Once you reach the line with "Mandala Lotus Printed", copy it and every line after it exactly, up to the end of the data. Omit the pictures.

— Data section —

>>>>>

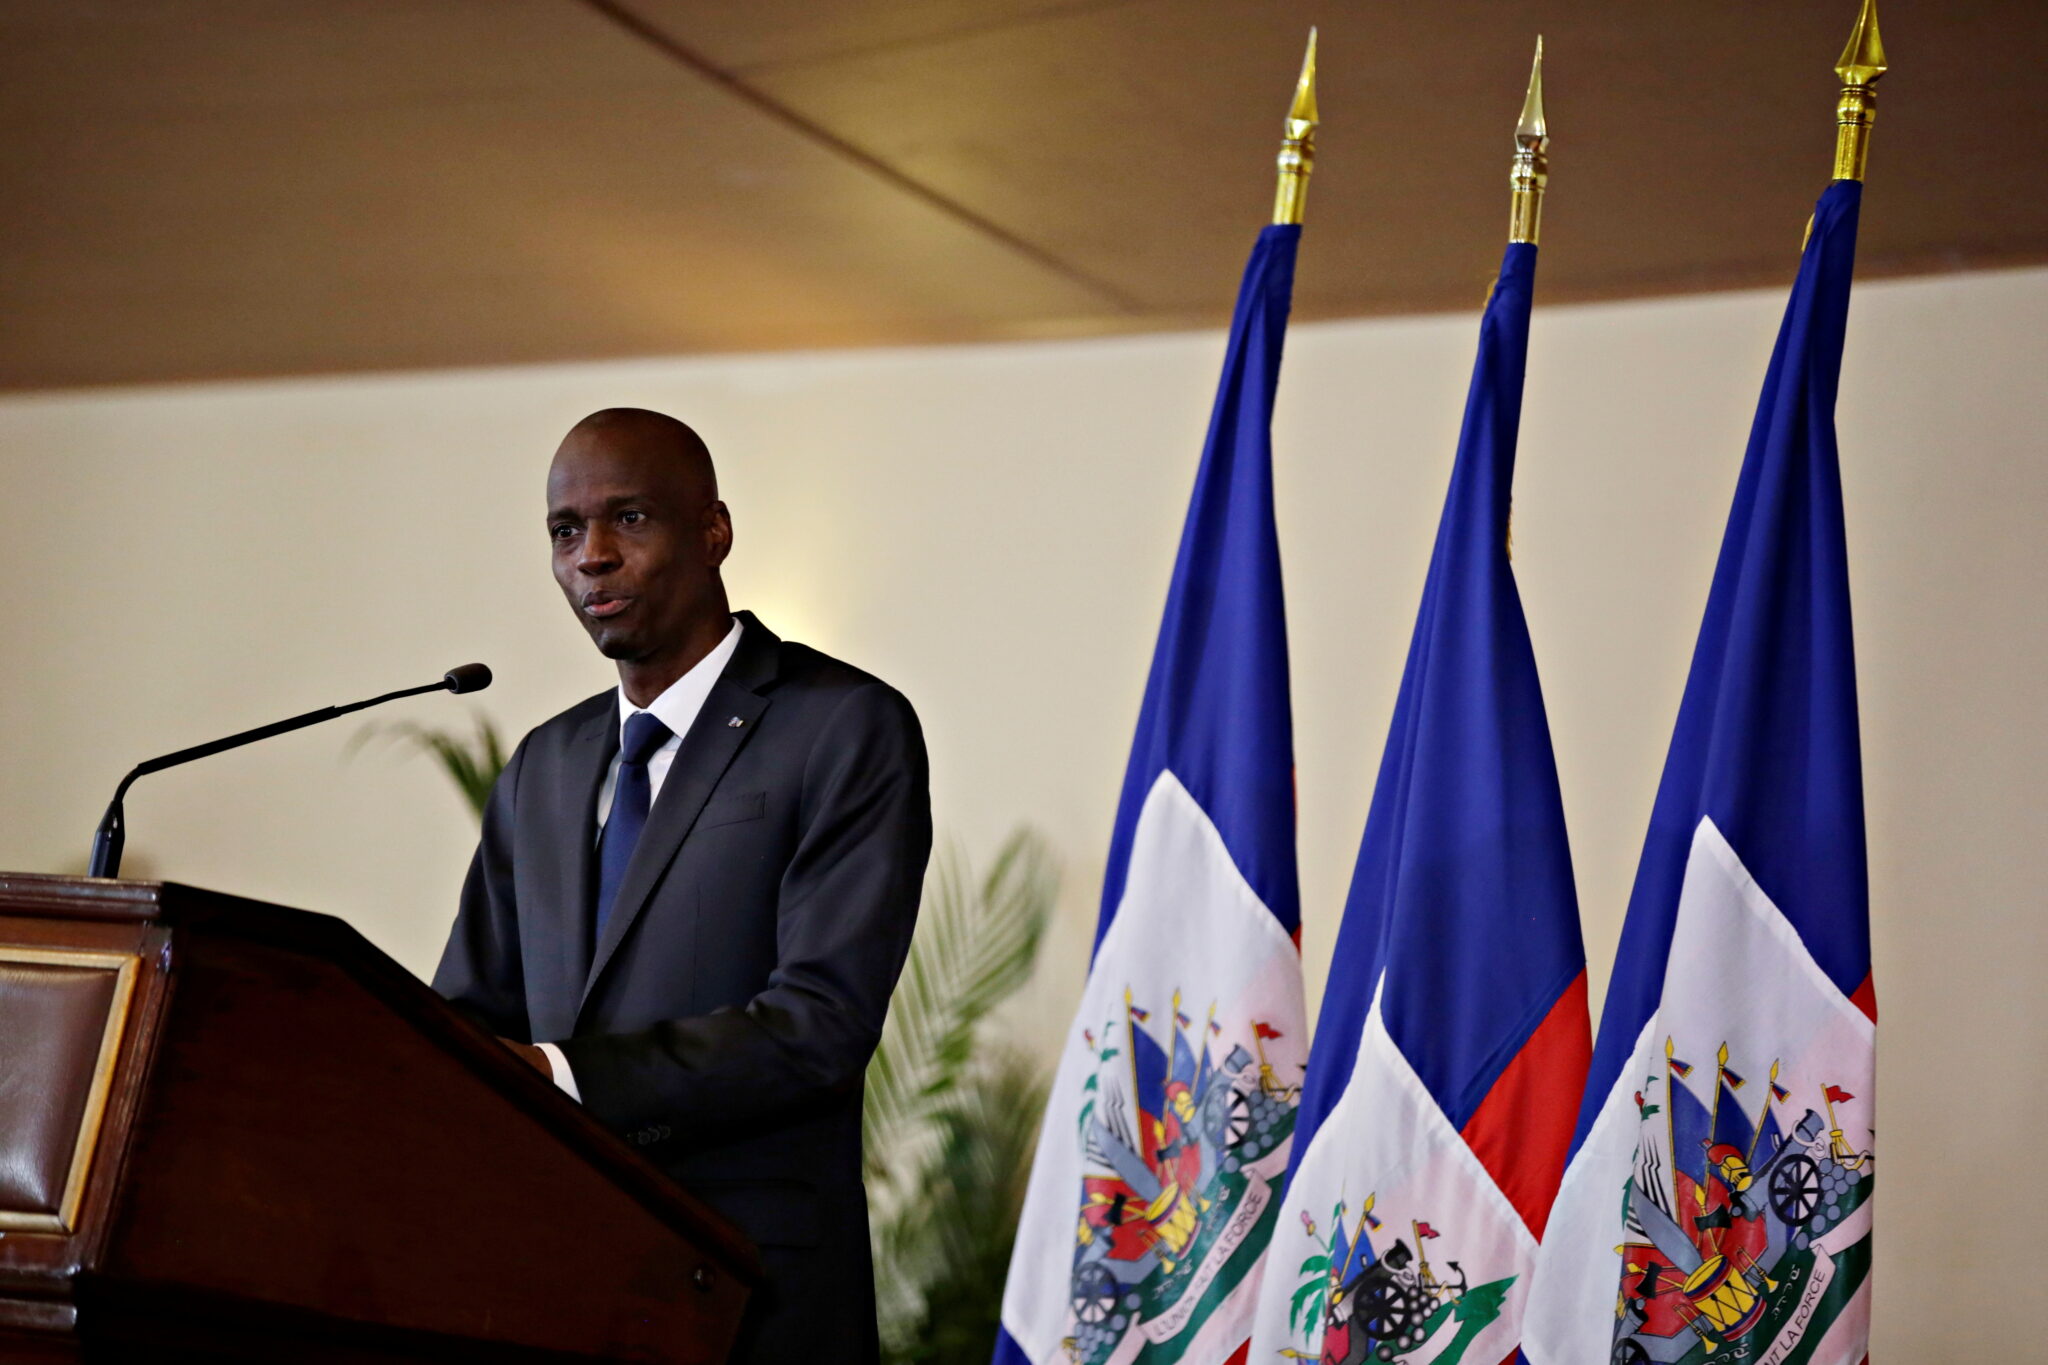 "โฌเวแนล โมอิส" ผู้นำเฮติ ถูกลอบสังหารเสียชีวิตคาบ้านพัก
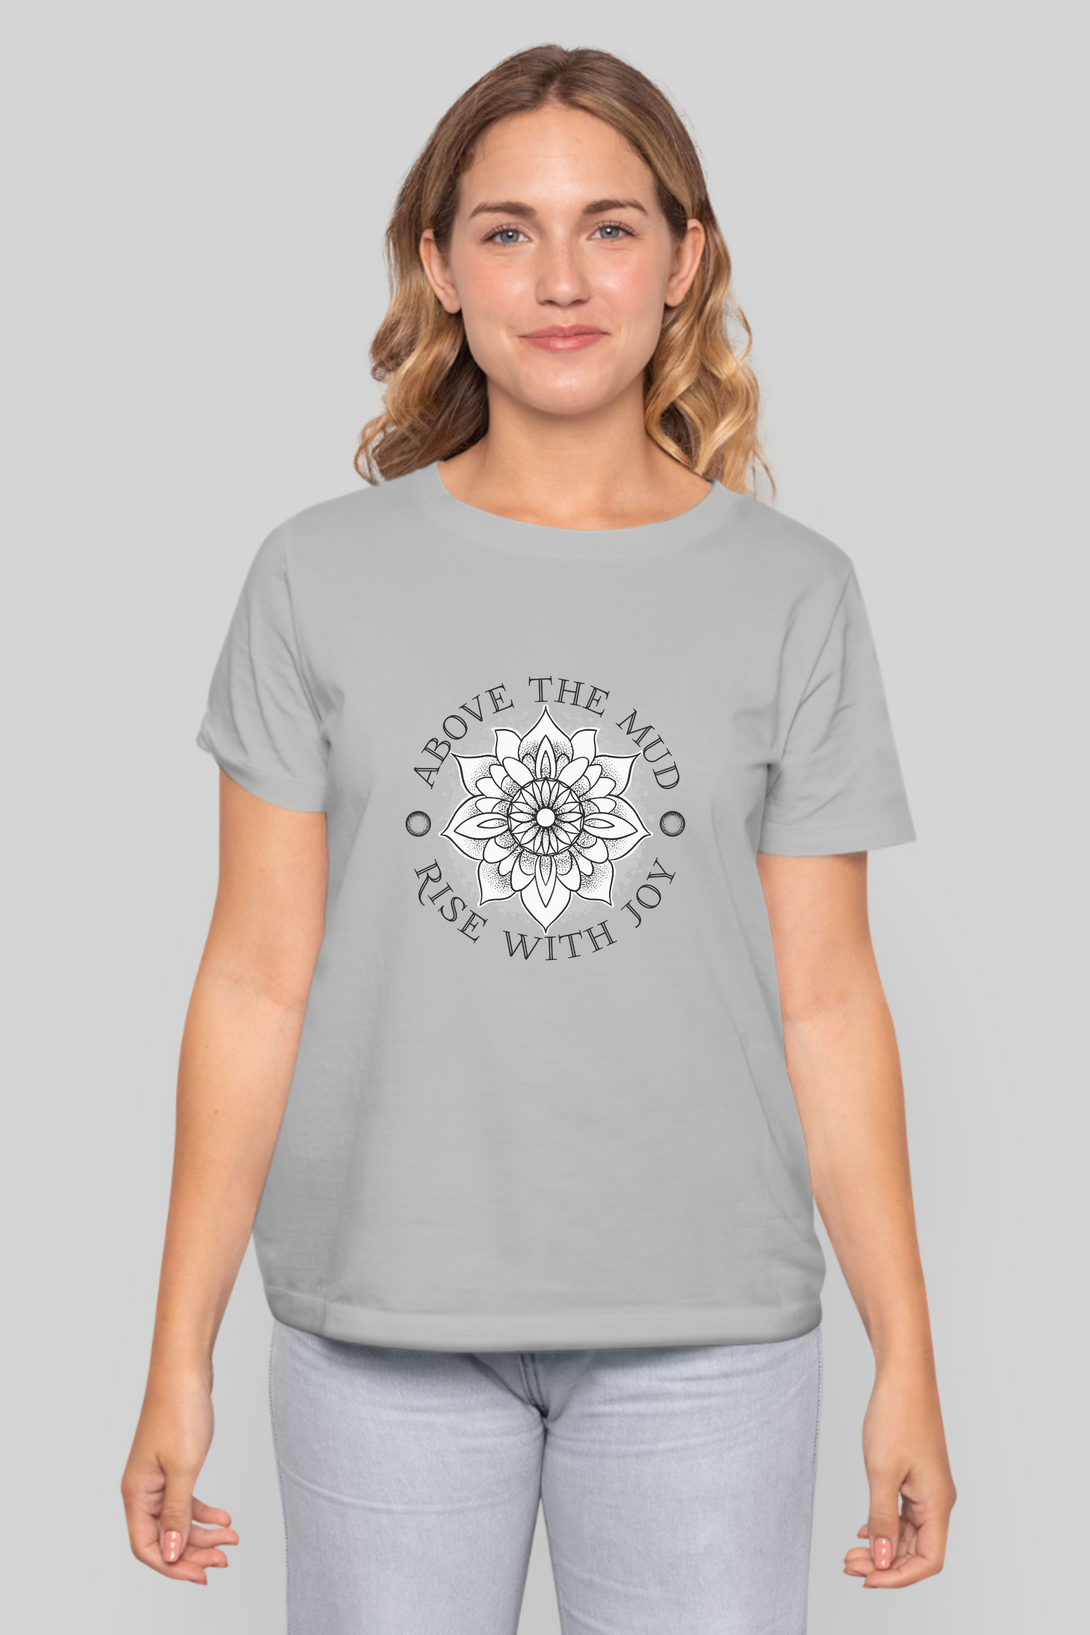 Mandala Lotus Printed T-Shirt For Women - WowWaves - 7
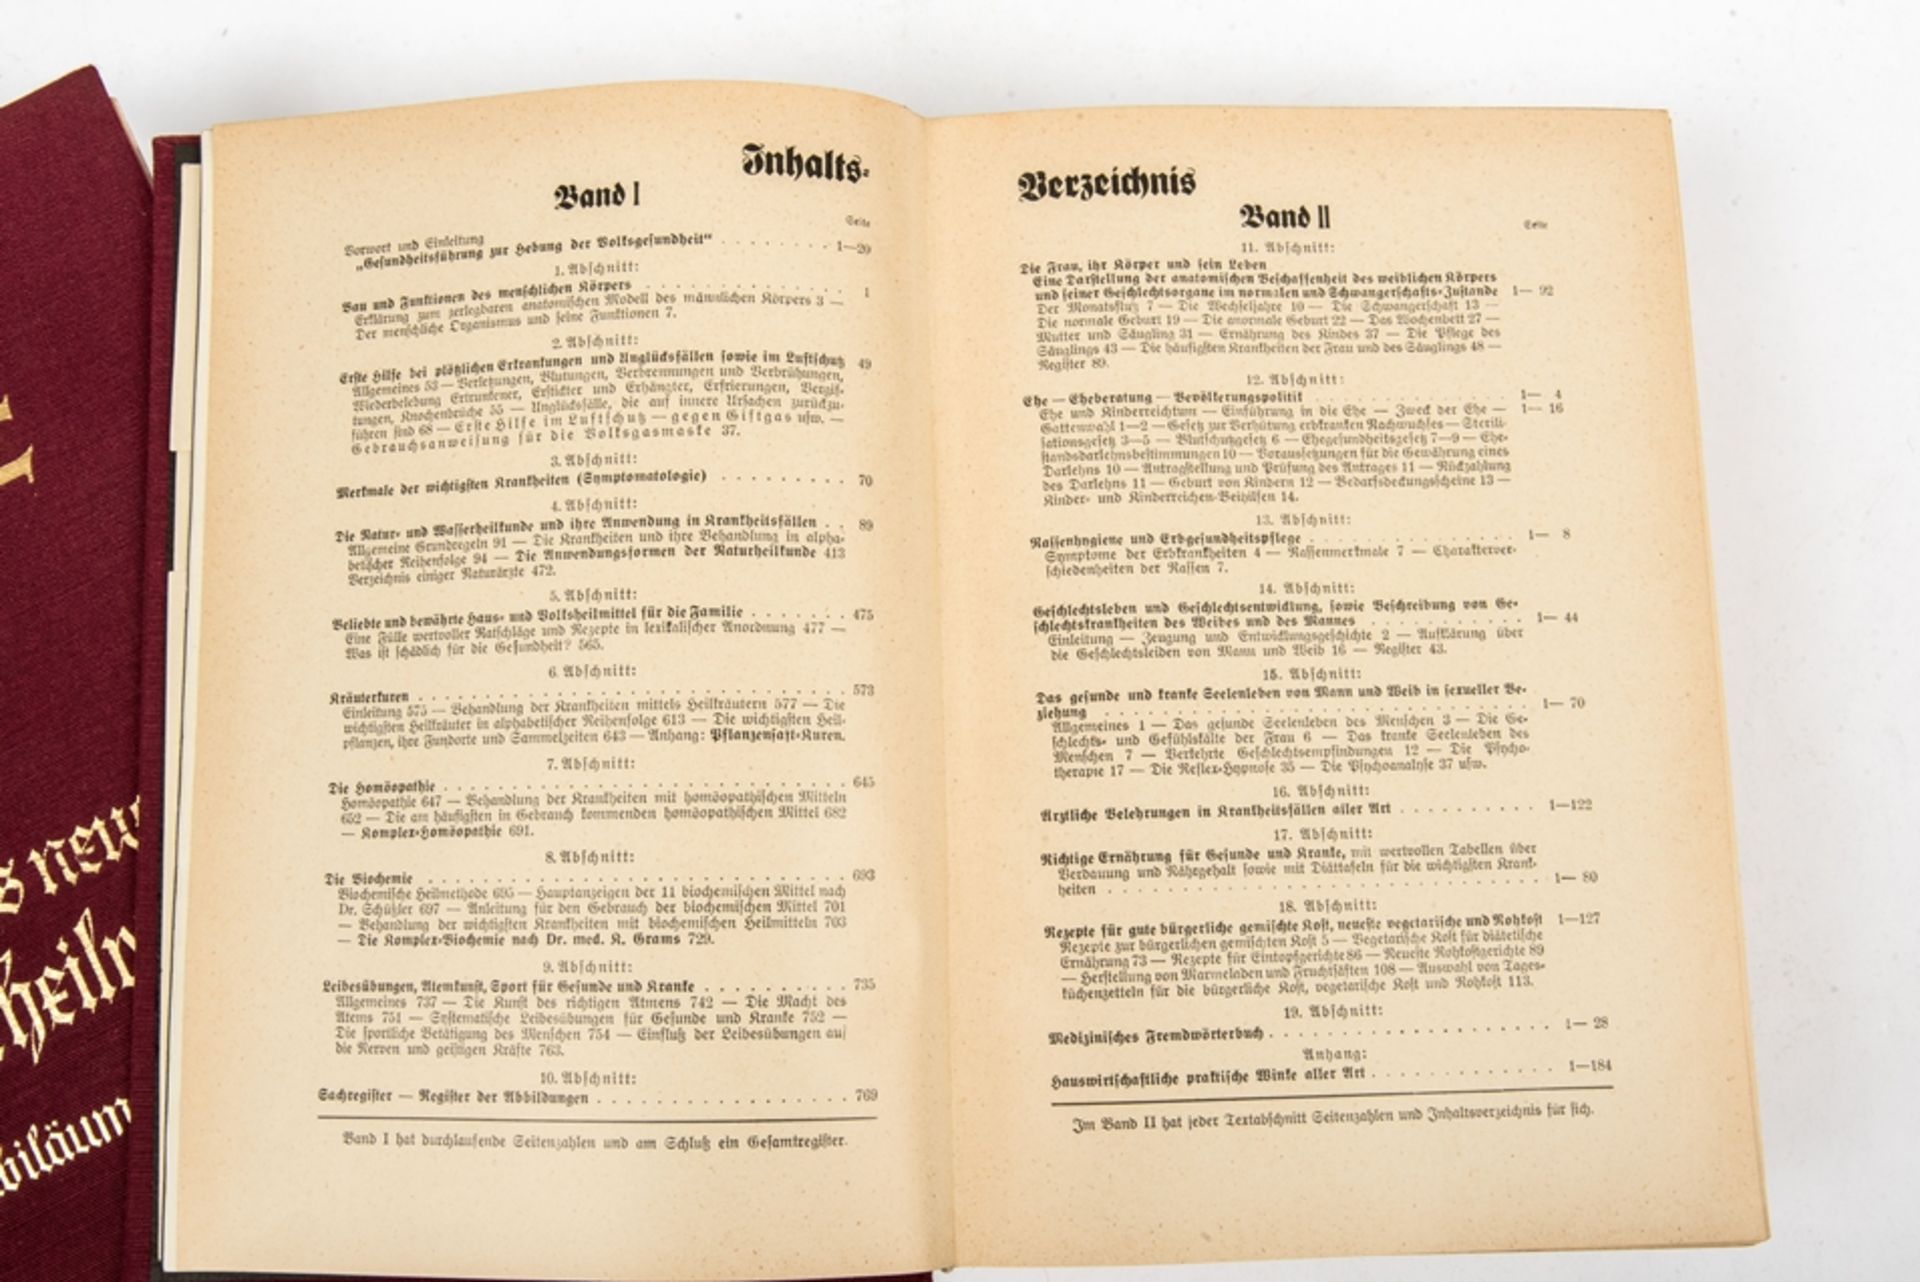 Bilz, Das neue Naturheilverfahren, Jubiläumsausgabe 1938 - Image 4 of 5

<<<<<

— Finished task —
 Mandala Lotus Printed T-Shirt For Women - WowWaves - 7
 Bilz, Das neue Naturheilverfahren, Jubiläumsausgabe 1938 - Image 4 of 5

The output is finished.